Thank you both! I had a good time making the intro/outro clips, but it's nice to know someone else is amused by them as well :)

Paul Foytack Says:
Wednesday, June 25, 2014 @7:57:01 AM

Very cool.
This is where the saying "more than one way to skin a cat" comes from.

Josh Turknett Says:
Wednesday, June 25, 2014 @9:08:12 AM

Haha. Or a catfish.

Zischkale Says:
Wednesday, June 25, 2014 @9:11:19 AM

Had no idea that Nail that Catfish wasn't 100 years old. As an aside, I love Steve Rosen's website. It's old-time internet. There's even a chat room. I just wasted about 30 minutes on his dadgum site.

Josh Turknett Says:
Wednesday, June 25, 2014 @9:13:13 AM

Haha, it is so old time internet.

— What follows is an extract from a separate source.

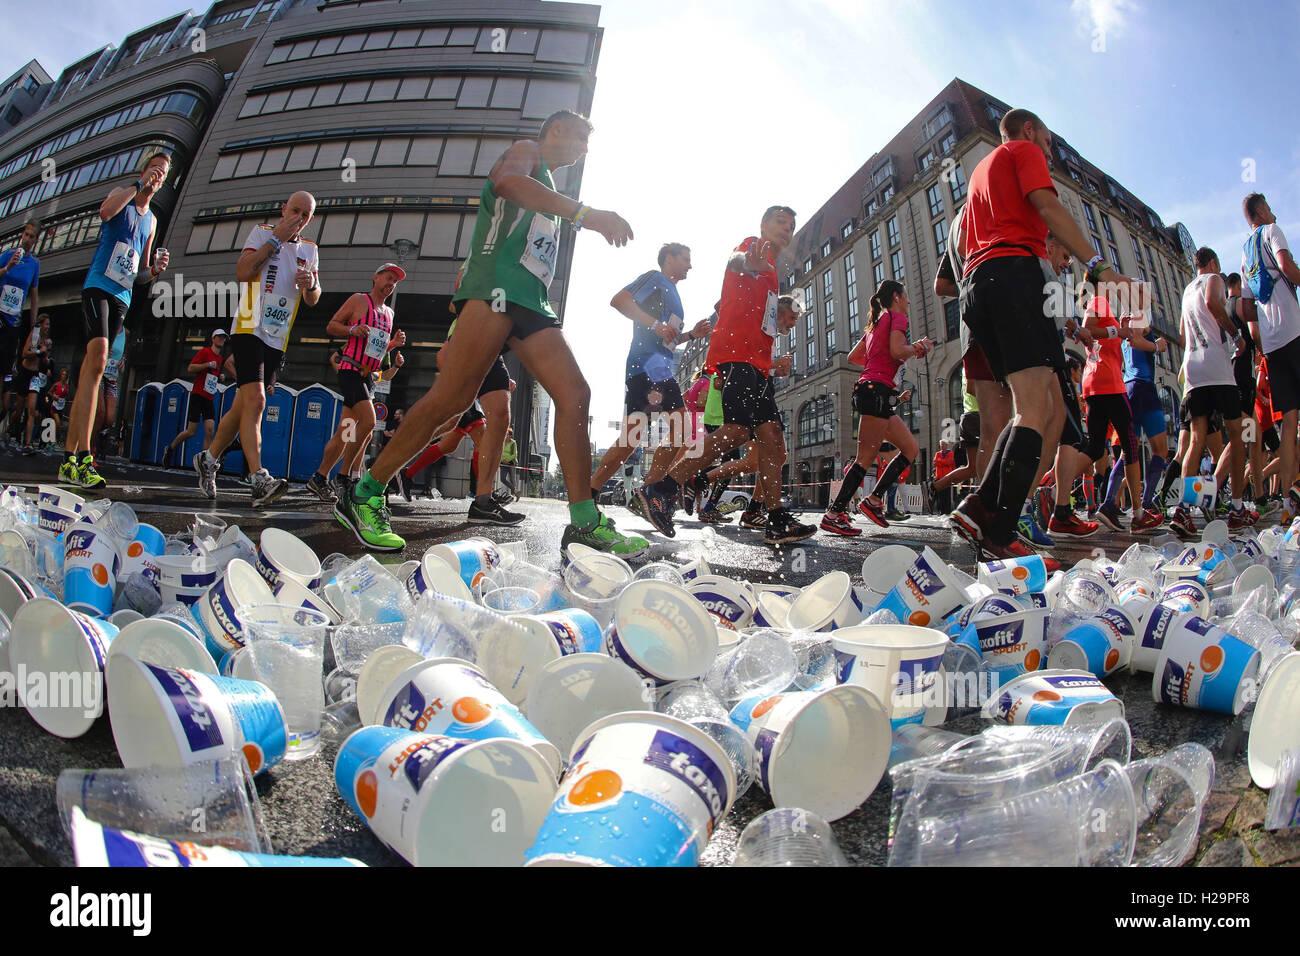 Berlino, Germania. Xxv Sep, 2016. atleti dilettanti durante la 43a edizione della Maratona di Berlino, tenutasi Immagini Stock

I kinda hope he never updates it.

Zischkale Says:
Wednesday, June 25, 2014 @9:14:42 AM

Same here, though I would very much like one of those sharp t-shirts.

Paul Foytack Says:
Wednesday, June 25, 2014 @10:04:33 AM

That's what I meant Josh.
The saying does refer to skinning an Catfish not a pussycat like most people think.

Josh Turknett Says:
Wednesday, June 25, 2014 @10:09:19 AM

Wow, cool bit of trivia Paul - so many layers to this tune!

jmoathout Says:
Wednesday, June 25, 2014 @10:53:16 AM

"Skinning versus de-skinning" reminds me of Steve Martin (I think) explaining how he learned of the difference (or not) between flammable and inflammable. Thanks for the tune.

Josh Turknett Says:
Wednesday, June 25, 2014 @10:57:41 AM

Steve stole all his material from me :)

Paul Foytack Says:
Wednesday, June 25, 2014 @4:20:06 PM

Josh,
Now I feel like Jethro Bodine.
I'm tore twixt playing the 5 string and being a Neuroplastician!

zevio Says:
Thursday, June 26, 2014 @3:39:02 AM

thank Josh. always look forward to these gems

fretfulchild Says:
Sunday, June 29, 2014 @8:48:05 AM

A clear, beautifully presented tutorial, spiced with the kind of wit that always makes learning more enjoyable.

kwilson Says:
Friday, July 4, 2014 @12:13:16 AM

A great tutorial, and I'm enjoying playing the song. But I'm wondering if there is a transcription mistake in the tabs. In the Step 2 tab, the first note is an open second string. In both the Step 3 and Step 4 tabs, that has been changed to an open third string. In the video, however, it sounds like you are playing an open second string for the start of the A section. Is this correct?

I have been playing according to the Step 4 tab, but it wasn't sounding like what you were playing. That was when I noticed the Step 2 tab differs from the other two, which may explain why my catfish kept sliding off the tree.

kwilson Says:
Friday, July 4, 2014 @12:27:31 AM

Let me clarify. What I am hearing is an open second string on the first "and" in measure one. It is written in the last tab as the two and three strings both played open on a brush, but I'm hearing just the open second string in the video. Is that correct?

Josh Turknett Says:
Friday, July 4, 2014 @4:29:10 AM

Hi Kevin - I believe you're hearing correctly. Though you are free to play that "and" note as a brush, I probably am just striking the open second note as a single string on the video version (makes that melody note stand out a bit more). Good listening, and good ears!

Josh Turknett Says:
Friday, July 4, 2014 @4:38:01 AM

Also Kevin, just realized I'd changed those tabs to reflect that, but had never uploaded the revised version. I just did, so it now fit what you hear. Thanks again!

kwilson Says:
Friday, July 4, 2014 @7:08:44 AM

Thanks for the updated tab. I look forward to working on it.